Input material
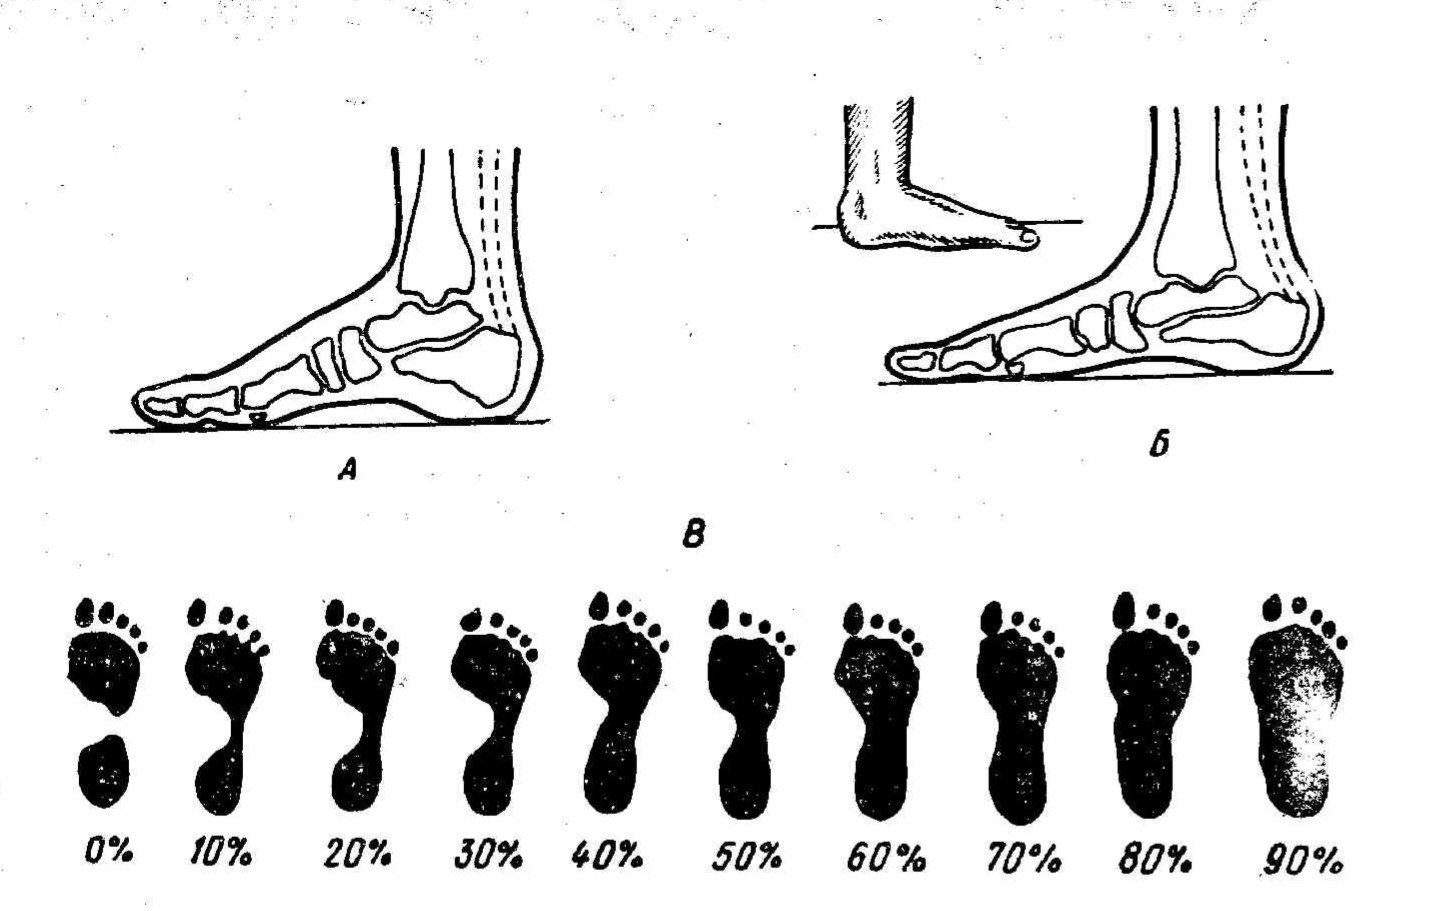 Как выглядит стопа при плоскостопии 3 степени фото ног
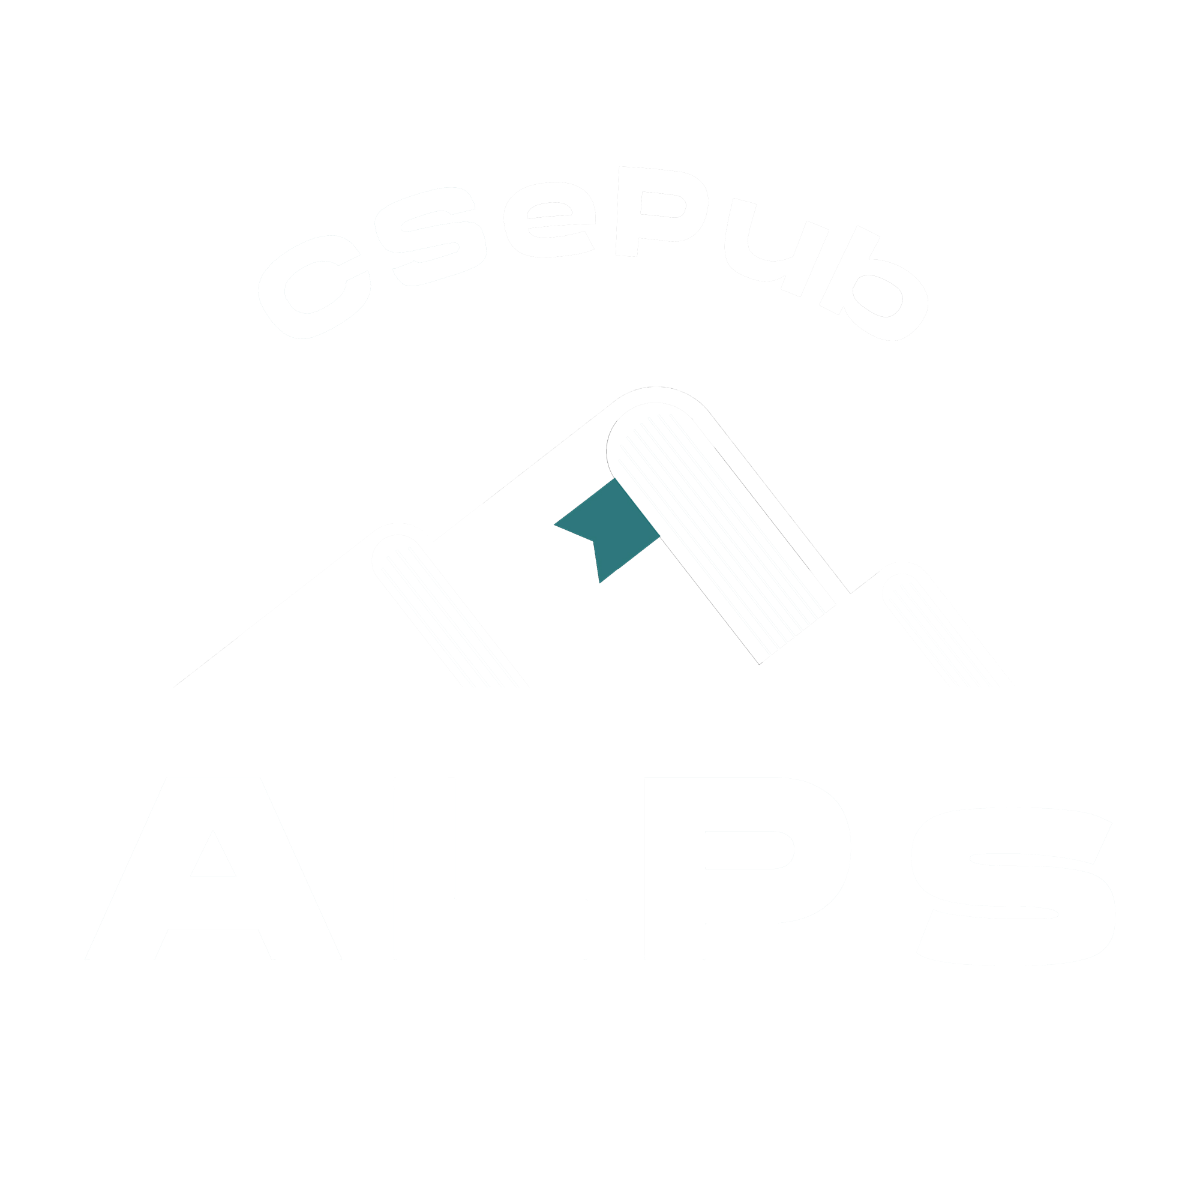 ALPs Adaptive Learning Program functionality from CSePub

--

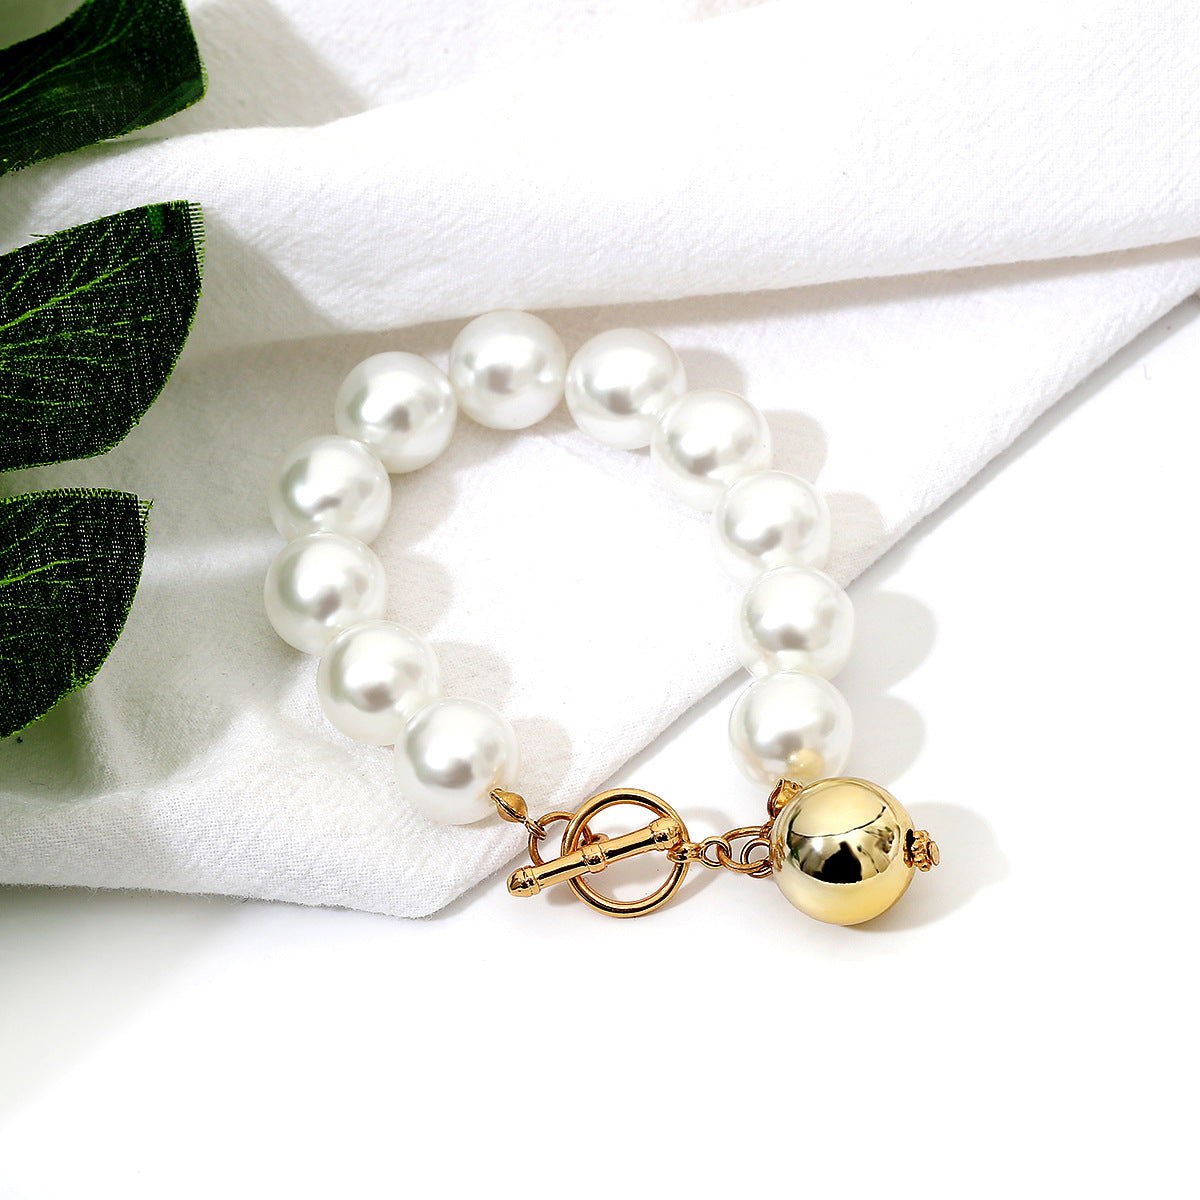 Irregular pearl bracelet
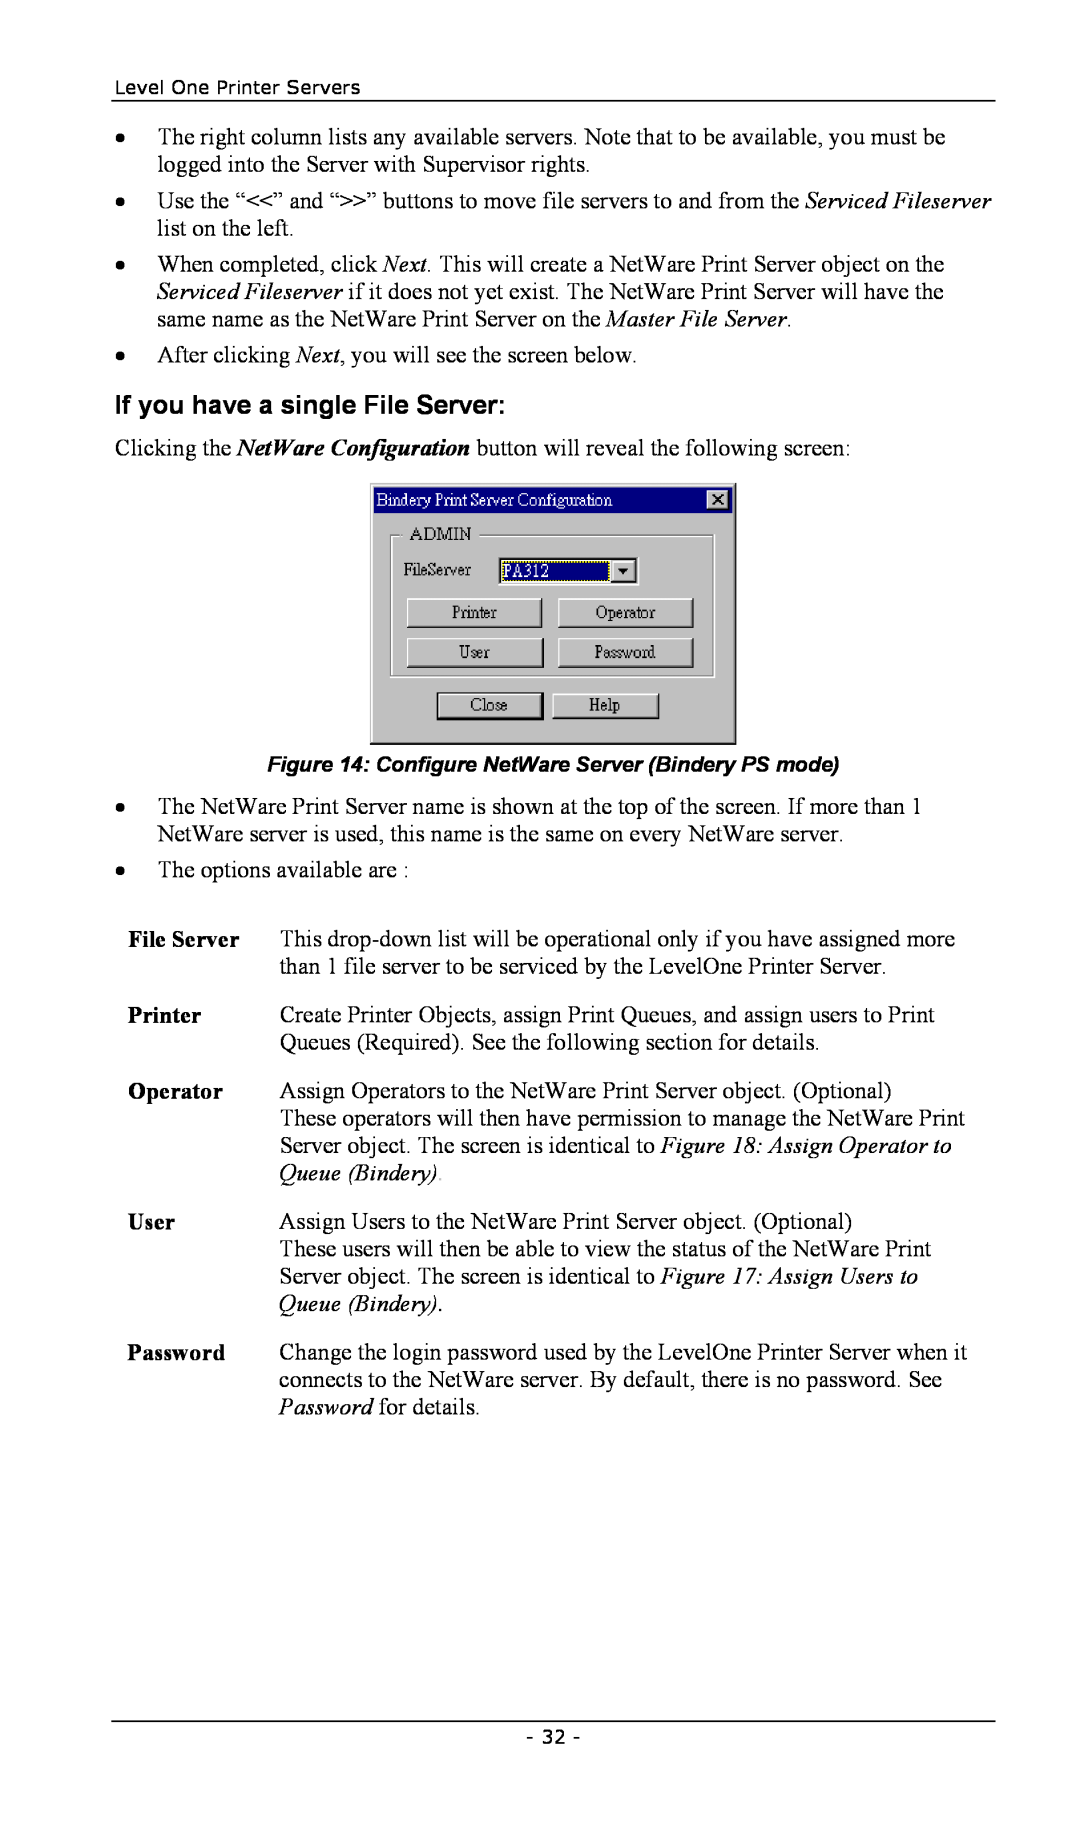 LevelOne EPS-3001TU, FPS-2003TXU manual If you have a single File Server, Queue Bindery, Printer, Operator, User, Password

Activity
Copy exactly the lines of the entries above from the one containing "Как выглядит стопа" through the one containing "ALPs Adaptive Learning". Both end lines count; pictures do not.

Written reply
 Как выглядит стопа при плоскостопии 3 степени фото ног
 ALPs Adaptive Learning Program functionality from CSePub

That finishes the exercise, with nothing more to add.